Data diversifying
Houston data startup plans to expand its technology from oil and gas to include health care and defense industries
There are about 40,000 sensors on an offshore drilling rig, and each collects information about how the rig's many machines are operating. But sensors can fail or be miscalibrated and, in the relay between the rig and data scientists, data can pick up errors. The scientists will first have to clean and validate the information to ensure its credible.
That's where Pandata Tech comes in. The Houston-based company can run a data quality check for its oil and gas clients. But Gustavo Sanchez, co-founder and CEO of the company, is speeding up that process by automating it. Pandata Tech uses machine learning to review data generated by drilling rigs — and the algorithms determine how likely that data can be trusted. And for Houston's 175,000 residents employed in oil and gas, that data needs to be trustworthy.
"If the data's bad, then you're going to have a lot of bad decisions," Sanchez says.
The legacy of machine learning began in the 1950s, when computer scientist Arthur Samuel wrote a program for a computer to play checkers and improve at the game the more it played. Since then, the complex algorithms written for computers to learn and develop without human intervention have been implemented in industries like finance, sales, surveillance, and more.
Sanchez and his business partner, Jessica Reitmeier, met in China during graduate school. They founded the company after a stint for Sanchez in finance data science. He realized that small service companies had no control over their equipment operated and put data analytics in the hands of small, independent service contractors. So they developed Pandata Tech in January 2016, and today their core team has three people who manage data science, marketing and operations, and staff development.
Pandata Tech's software reduces the amount of time data scientists have to spend validating their data — from 80 percent of their time down to just 20 percent, Sanchez says. It works by using models to generate a data quality score.
For example, a sensor that monitors pressure levels is paired with a computer model of what those levels should be — and the software checks for missing or incorrect data, then uses statistics to determine how likely that the sensors are picking up correct data. It creates a quality score for that data between 0 and 100 in the short and long term; if it compiles the data for a 24-hour window, then the score should be close to 100, but the software can also analyze data for 90-day streaks. In this case, the ideal might be above 60. It's a lot like a credit check, Sanchez says.

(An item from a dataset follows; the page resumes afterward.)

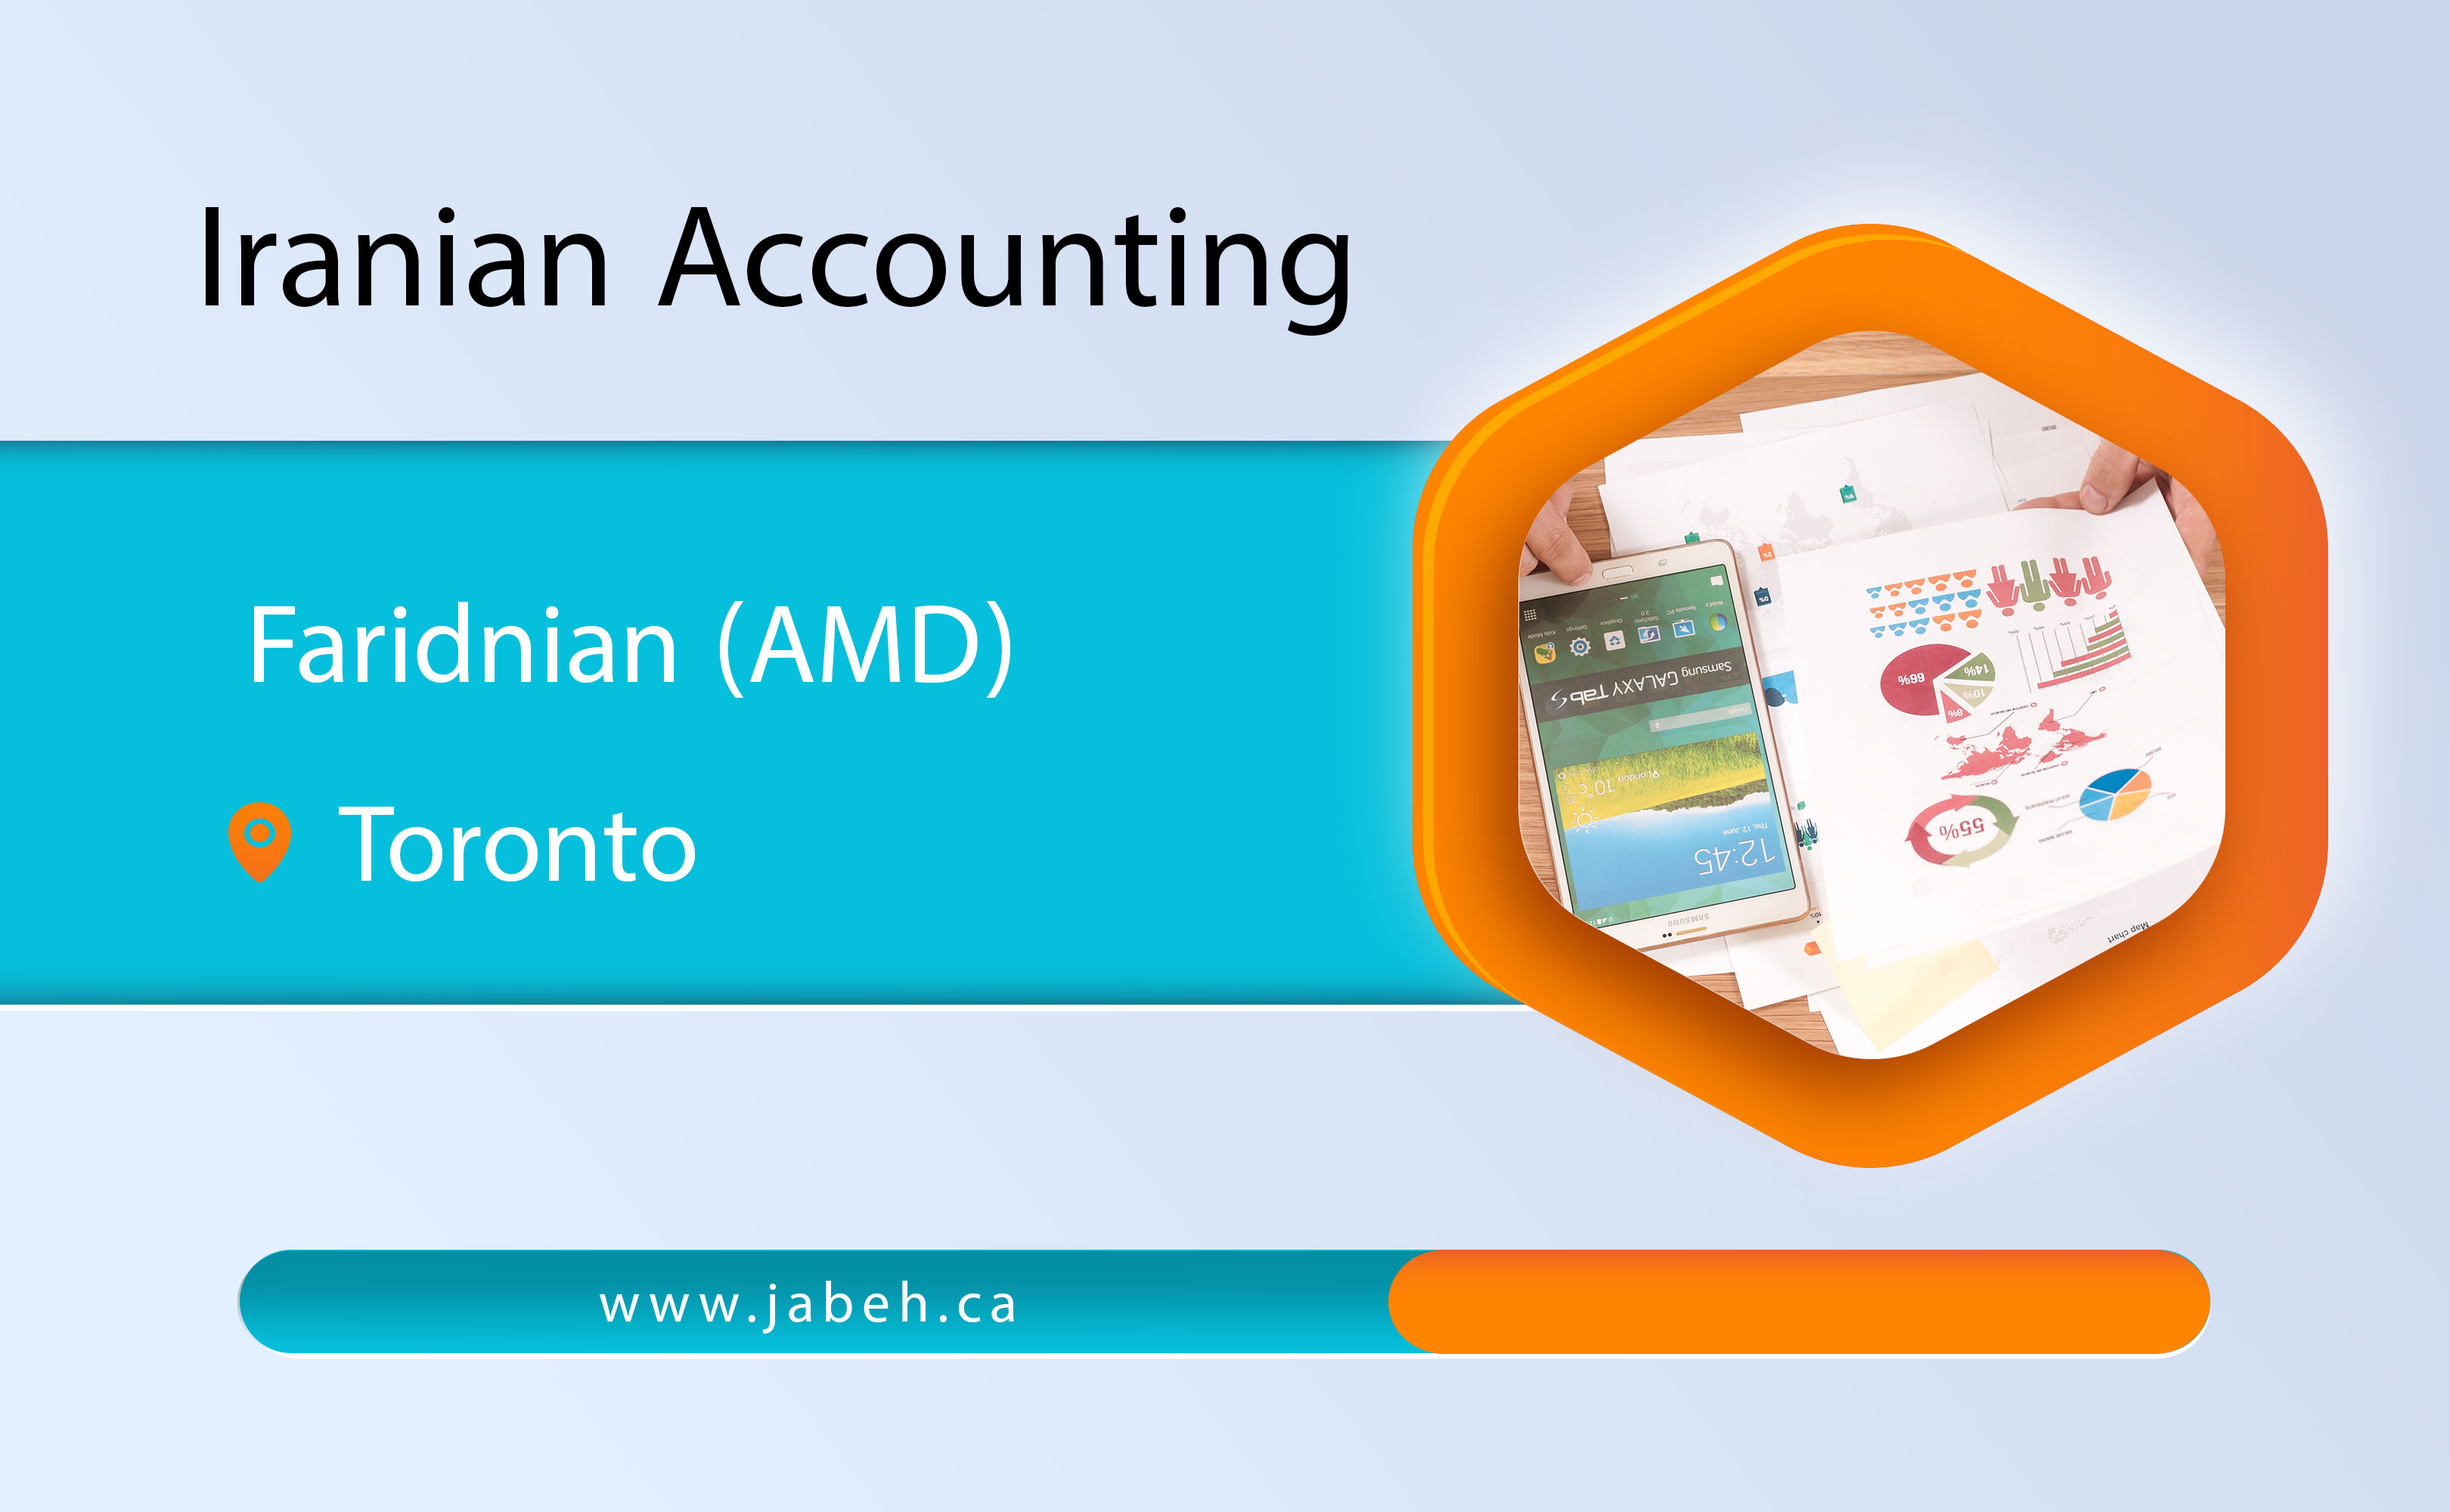 Iranian Faridnian Accounting Company (AMD) in Toronto

And while Pandata Tech began in the energy industry, the team is now expanding to fields like defense and healthcare, which also generate hundreds of thousands of data points that need it be checked. The unique challenges of working with large drilling rigs have translated well to working with aircrafts. And the healthcare field is similar — with the Texas Medical Center, Houston's medical research centers can benefit from hastening the process of data validation.
"There's so much data, and it's so noisy, that it's hard to know whether the data can be trusted or not," Sanchez says.
Pandata Tech is focusing on its current revenue sources in these three fields. Recently, they closed on a deal with one of the largest offshore drilling companies in the world, and Sanchez hopes to double his team size within the year. But he's staying cautious — and the move to healthcare and defense industries is not just a move to expand the use of his company's technology. It's also a way of reducing risk, by not investing in just one industry.
"It's hard to sell scale to a startup," Sanchez says. "We've gotta reduce our risk so we can continue to grow."